With the support of technology, domestic companies have been contributing to building a smarter and better life for Vietnamese people via smart homes.
People are now gaining access to more innovations involving their daily lives, from air quality monitors to doorbells that can produce images
Late last month, domestic property investor Vinhomes JSC under Vingroup officially launched Vinhomes Smart City in South Tu Liem district of Hanoi.
According to the information released by the company, Vinhomes Smart City will be based on four core pillars, including smart security, smart management, smart community, and smart homes.

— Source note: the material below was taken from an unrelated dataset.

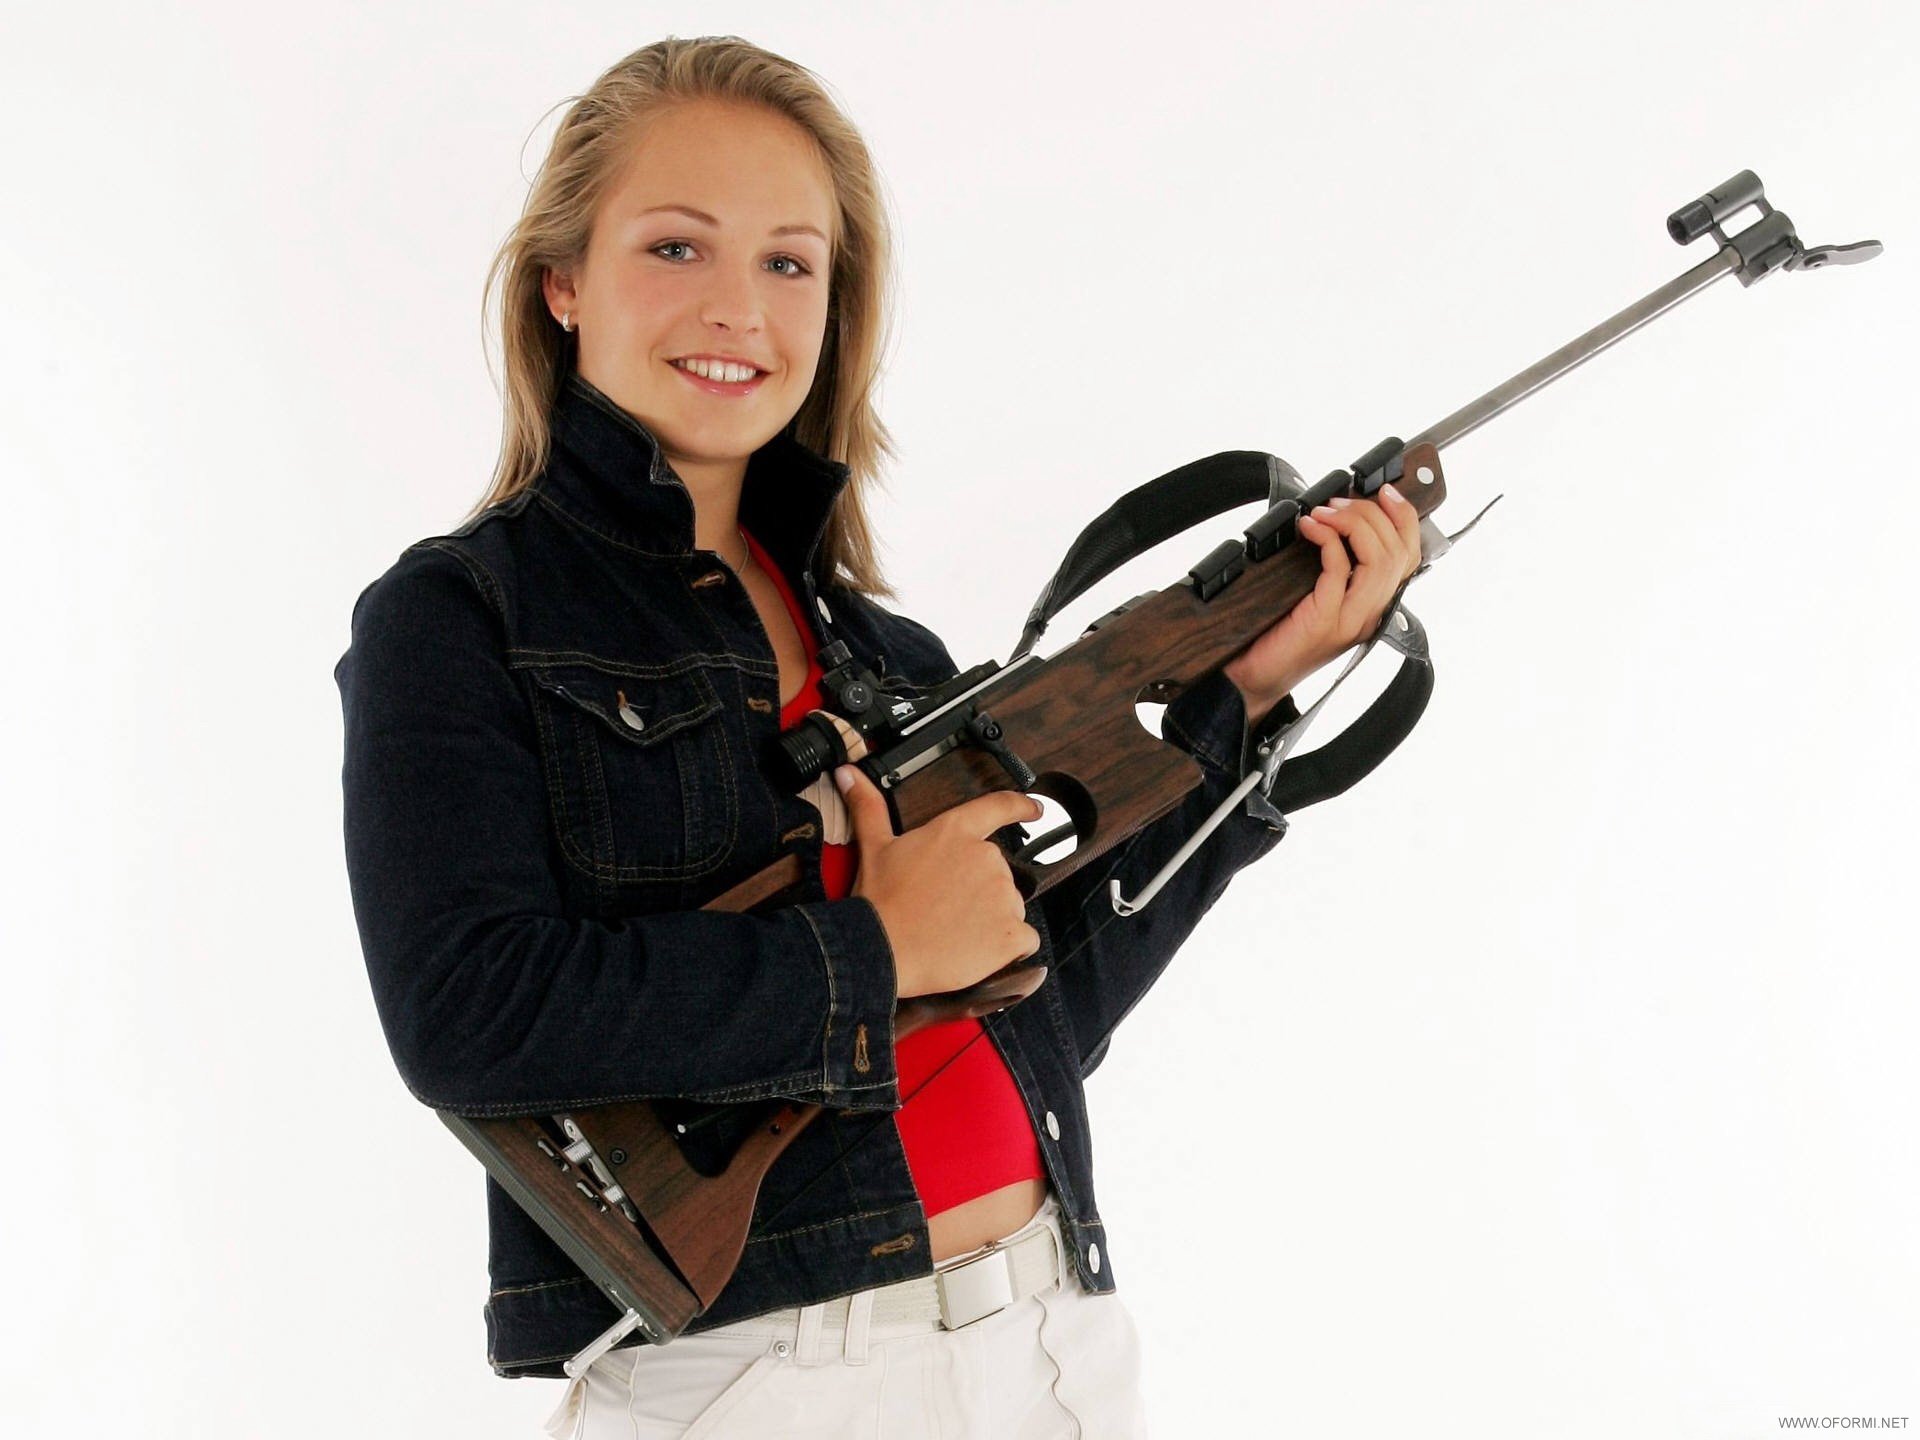 Магдалена Нойнер с винтовкой

Accordingly, the company will build a security network with multi-layered surveillance cameras which integrate Artificial Intelligence (AI).
In addition, intelligent elevator and fire protection systems in the township will help monitor air quality and warn of environmental pollution. Residents will be able to update on traffic status in the wider city and the township via a user-friendly smartphone app.
There will be a centralised operating centre applying AI and the Internet of Things (IoT) technology to monitor, operate, detect and promptly handle problems around the clock. Besides, there will also be Wifi infrastructure throughout Vinhomes Smart City, front door camera, and smart car parks which will offer residents convenience and save time.
“Projects using technologies to organise life and architecture should be encouraged. Vinhomes’ orientation promises to bring a really convenient living environment,” Nguyen Quoc Thong, vice chairman of the Vietnam Association of Architects, told VIR.
Elsewhere, architect Tran Huy Anh from the Hanoi Association of Architects highly appreciated the Vinhomes smart city model. “Covering 280 hectares with all-inclusive facilities, Vinhomes Smart will be one of the pioneering products synchronously applying technologies in a large space,” said Anh.
Before Vinhomes, domestic real estate developers have also developed their projects in a smart way. Dai Phuc Group introduced its smart home model in Van Phuc City project in Thu Duc district of Ho Chi Minh City. In this 189ha project, the group has used some types of smart fire alarm equipment, home management app on mobile phones, or door opening equipment through face recognition.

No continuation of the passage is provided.